**THE TASK**
Your task is to copy the listing exactly, with the pictures left out.

**PROVIDED MATERIAL**
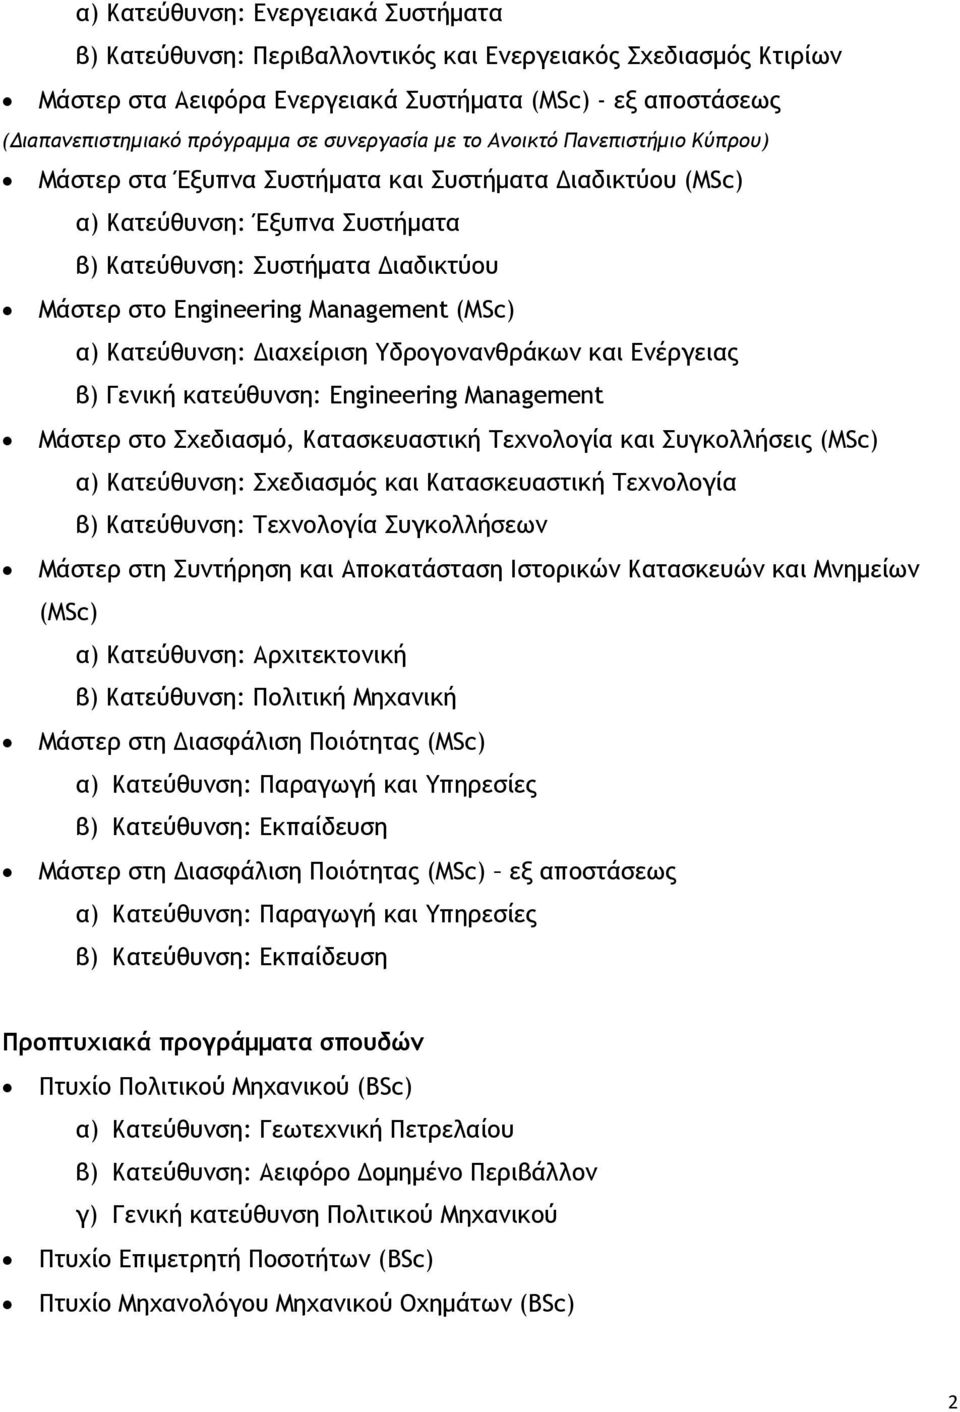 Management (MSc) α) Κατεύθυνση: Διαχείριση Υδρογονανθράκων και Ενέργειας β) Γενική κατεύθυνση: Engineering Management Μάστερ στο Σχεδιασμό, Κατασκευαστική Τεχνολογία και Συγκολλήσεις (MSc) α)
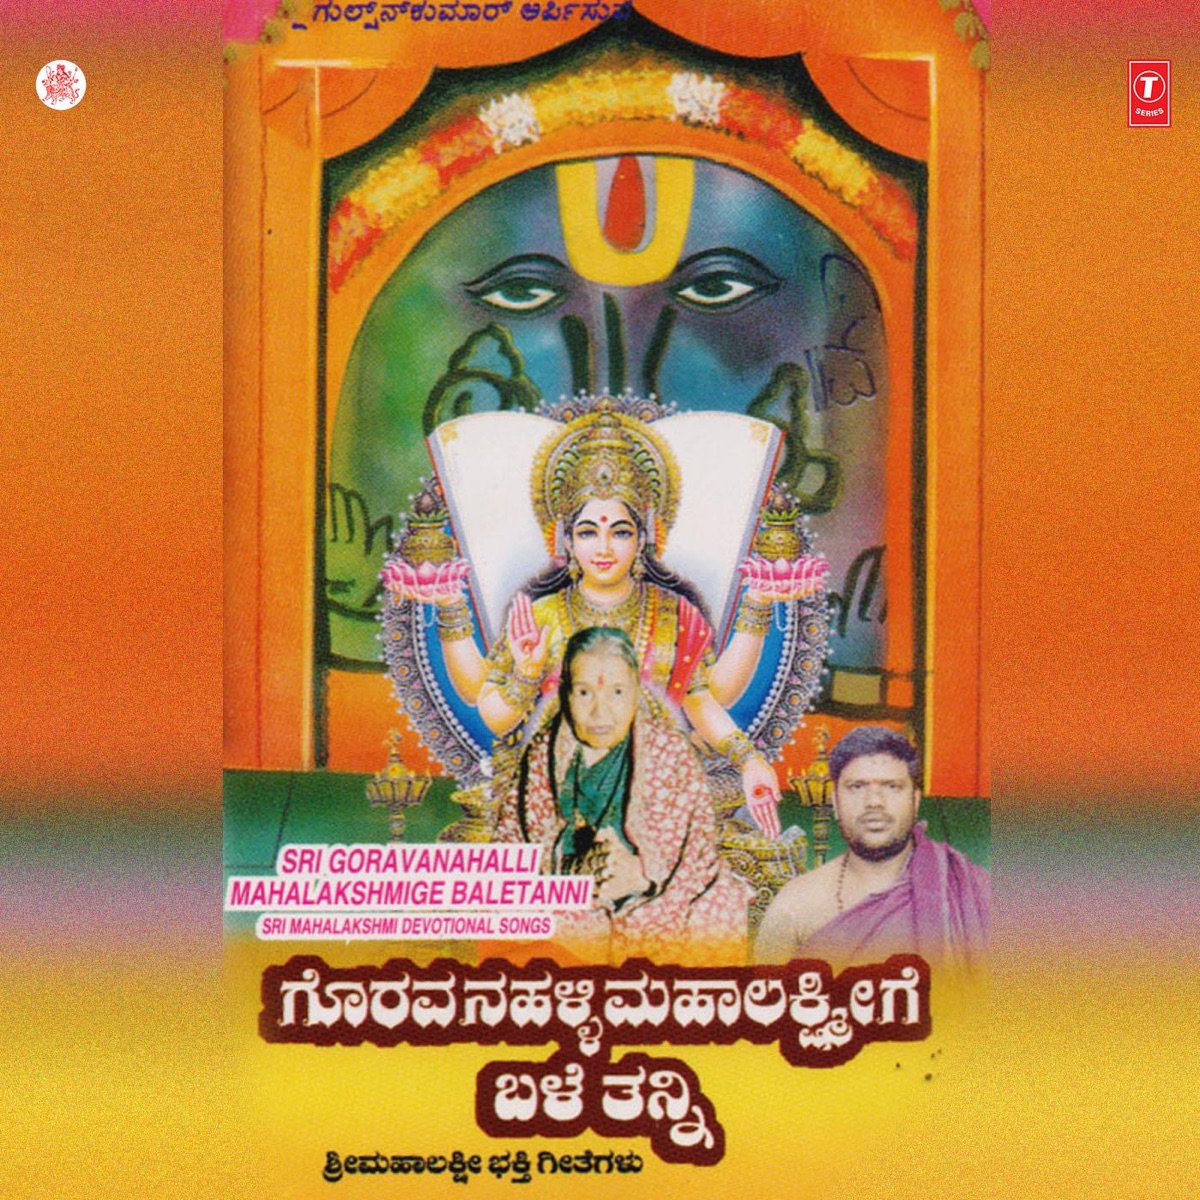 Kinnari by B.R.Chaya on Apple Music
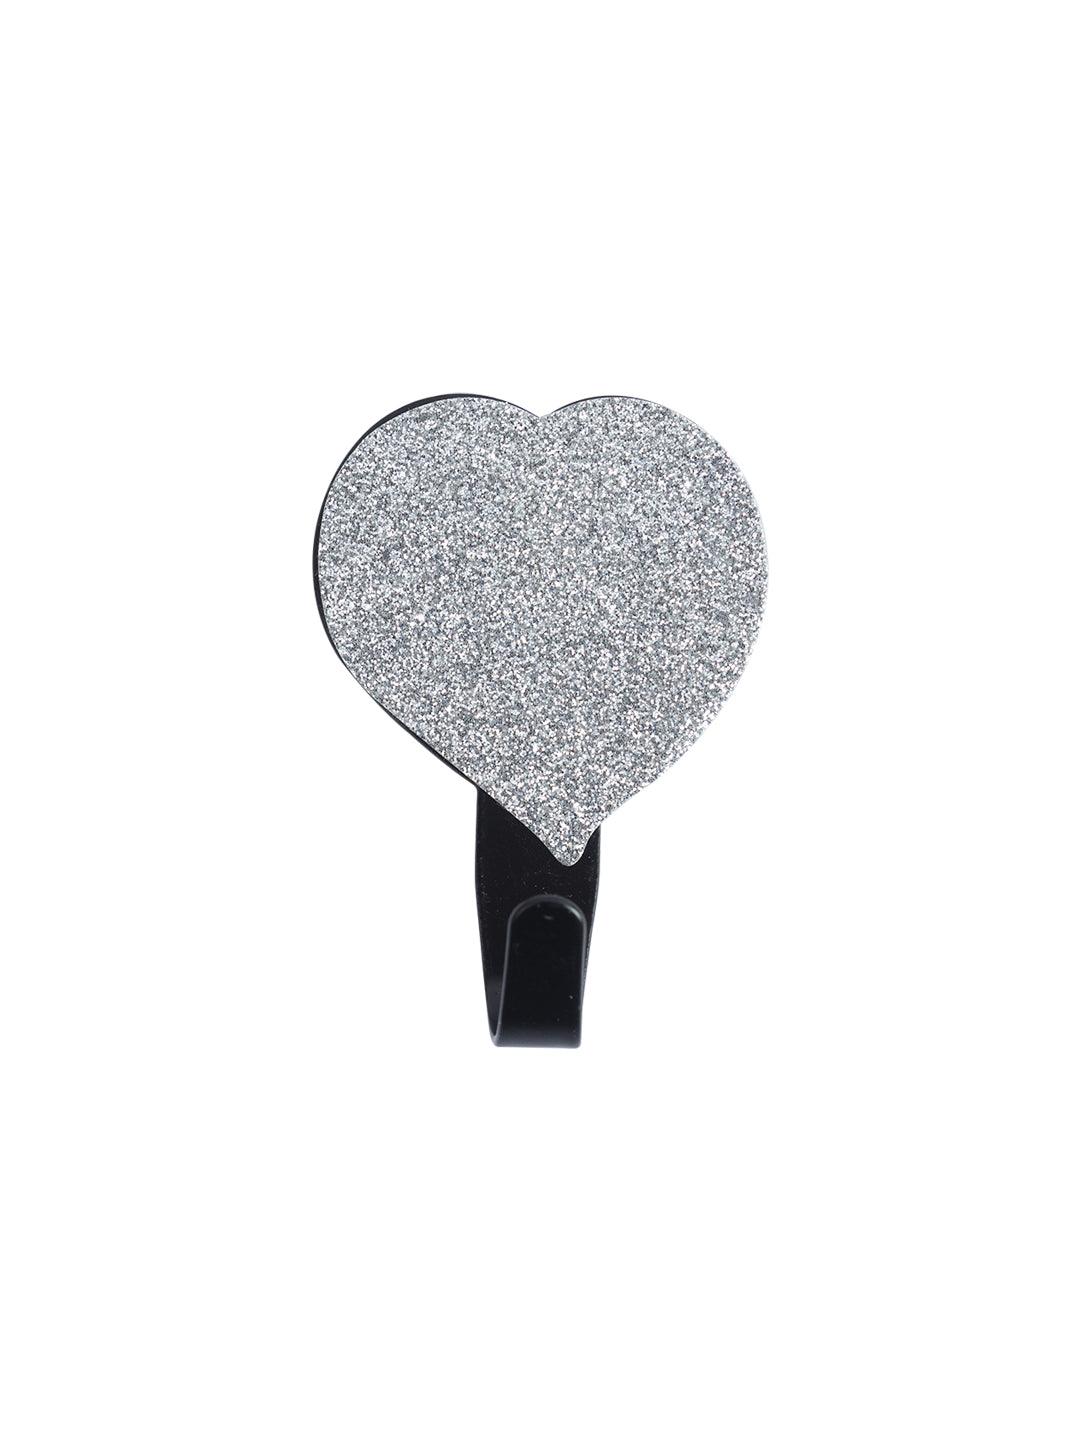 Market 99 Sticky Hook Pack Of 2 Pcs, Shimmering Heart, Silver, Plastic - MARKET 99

**EXPECTED ANSWER**
 Management (MSc) α) Κατεύθυνση: Διαχείριση Υδρογονανθράκων και Ενέργειας β) Γενική κατεύθυνση: Engineering Management Μάστερ στο Σχεδιασμό, Κατασκευαστική Τεχνολογία και Συγκολλήσεις (MSc) α)
 Kinnari by B.R.Chaya on Apple Music
 Market 99 Sticky Hook Pack Of 2 Pcs, Shimmering Heart, Silver, Plastic - MARKET 99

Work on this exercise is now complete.